Frazier moved to Nashville in 1963, then left music in 1976, shortly before his induction into the Nashville Songwriters Hall of Fame. He quit songwriting amid a spiritual and personal crisis but returned in 2006. “I didn’t know if I could reconcile country music with my Christian faith,” he says. “Some of the folks get by without going through, but I didn’t. I struggled with that for almost thirty years.”
Along with “Elvira” (recorded by the Oak Ridge Boys), Emmylou Harris’s “Beneath Still Waters,” and “There Goes My Everything (Jack Greene), Frazier’s catalog also offers the Hollywood Argyles’ pop hit “Alley Oop” and Tanya Tucker’s first No. 1 single, “What’s Your Mama’s Name.” Country Music Hall of Fame member Connie Smith, in attendance for this program, notes that she has recorded sixty-nine of Frazier’s songs. Fellow Hall of Fame member Charley Pride placed four No. 1 hits with his material, and member George Jones cut whole albums of Frazier songs (1968’s “Sings the Songs of Dallas Frazier”).
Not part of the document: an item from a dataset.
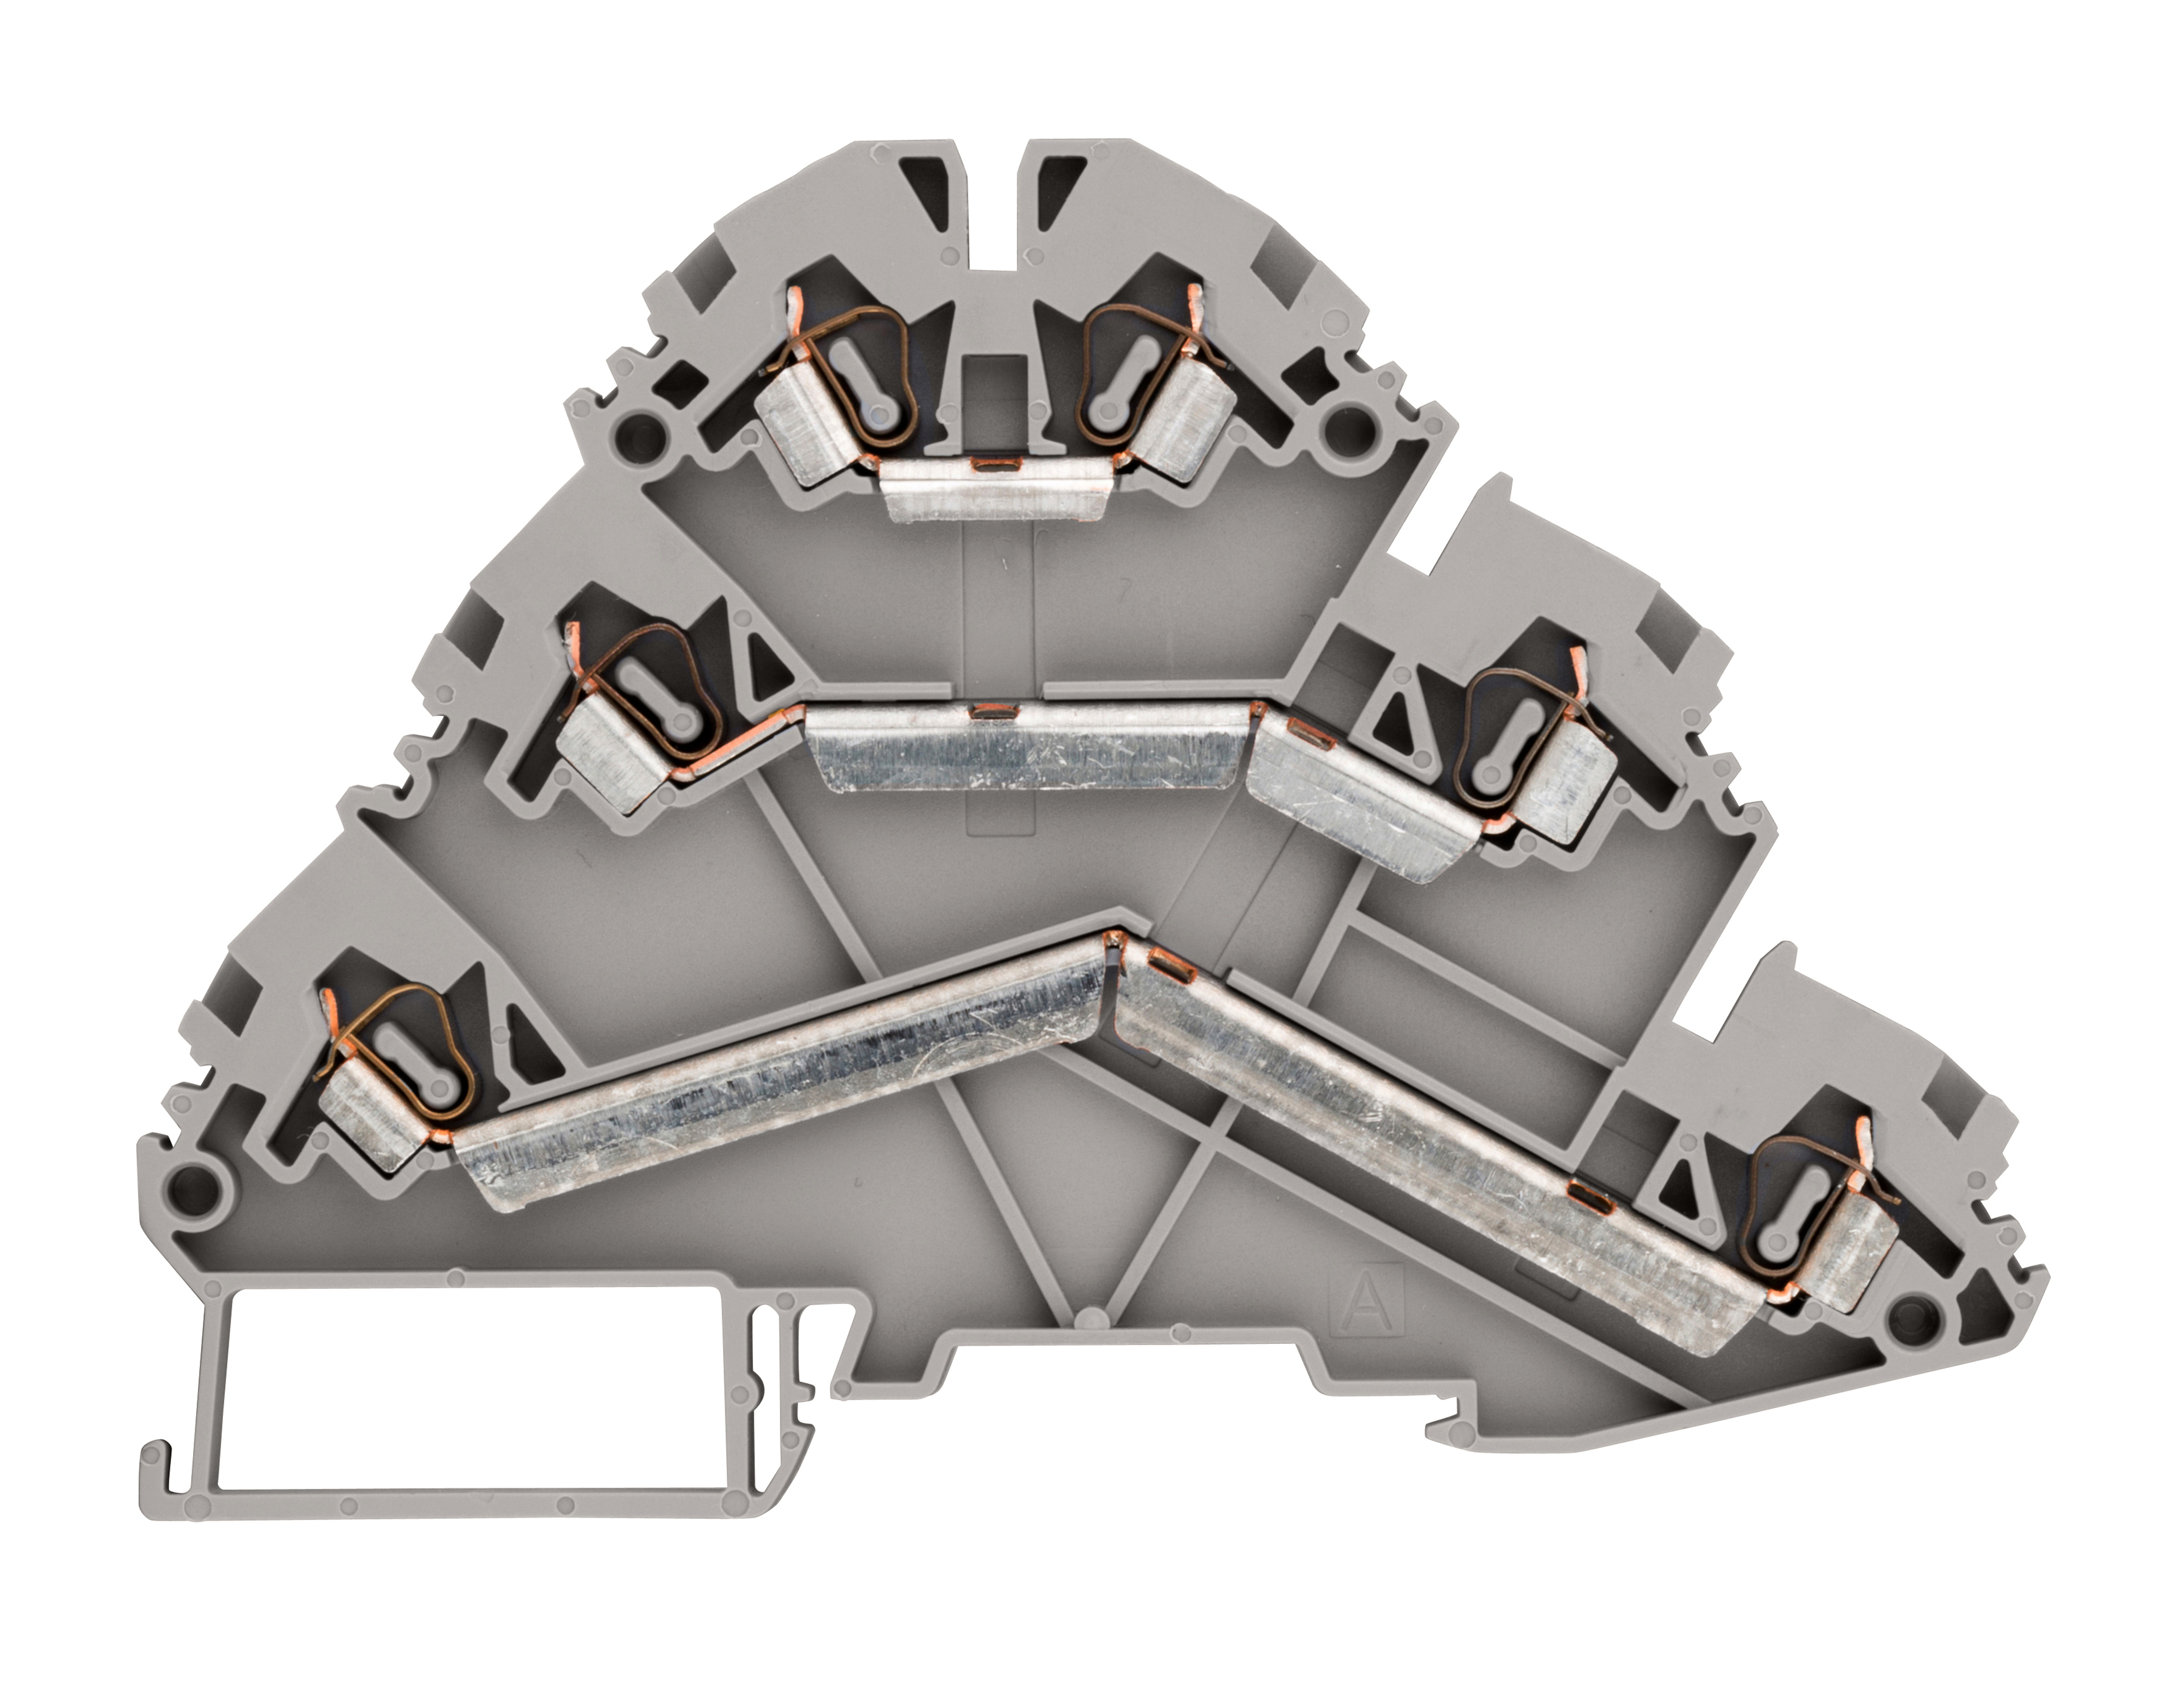 1 Stk Federkraft-Dreistockklemme 2,5mm², Type YBK 2,5 3F, grau IK690001--

Theorizing that songwriters need not feel or experience everything they write, Frazier says, “Songwriters have to make things bigger than life. We dramatize. We take a little seed, and it will turn into a giant redwood tree before we’re done with it. Sometimes there is a thread of truth running through a song, something from your own life. But songwriters can really stretch things.”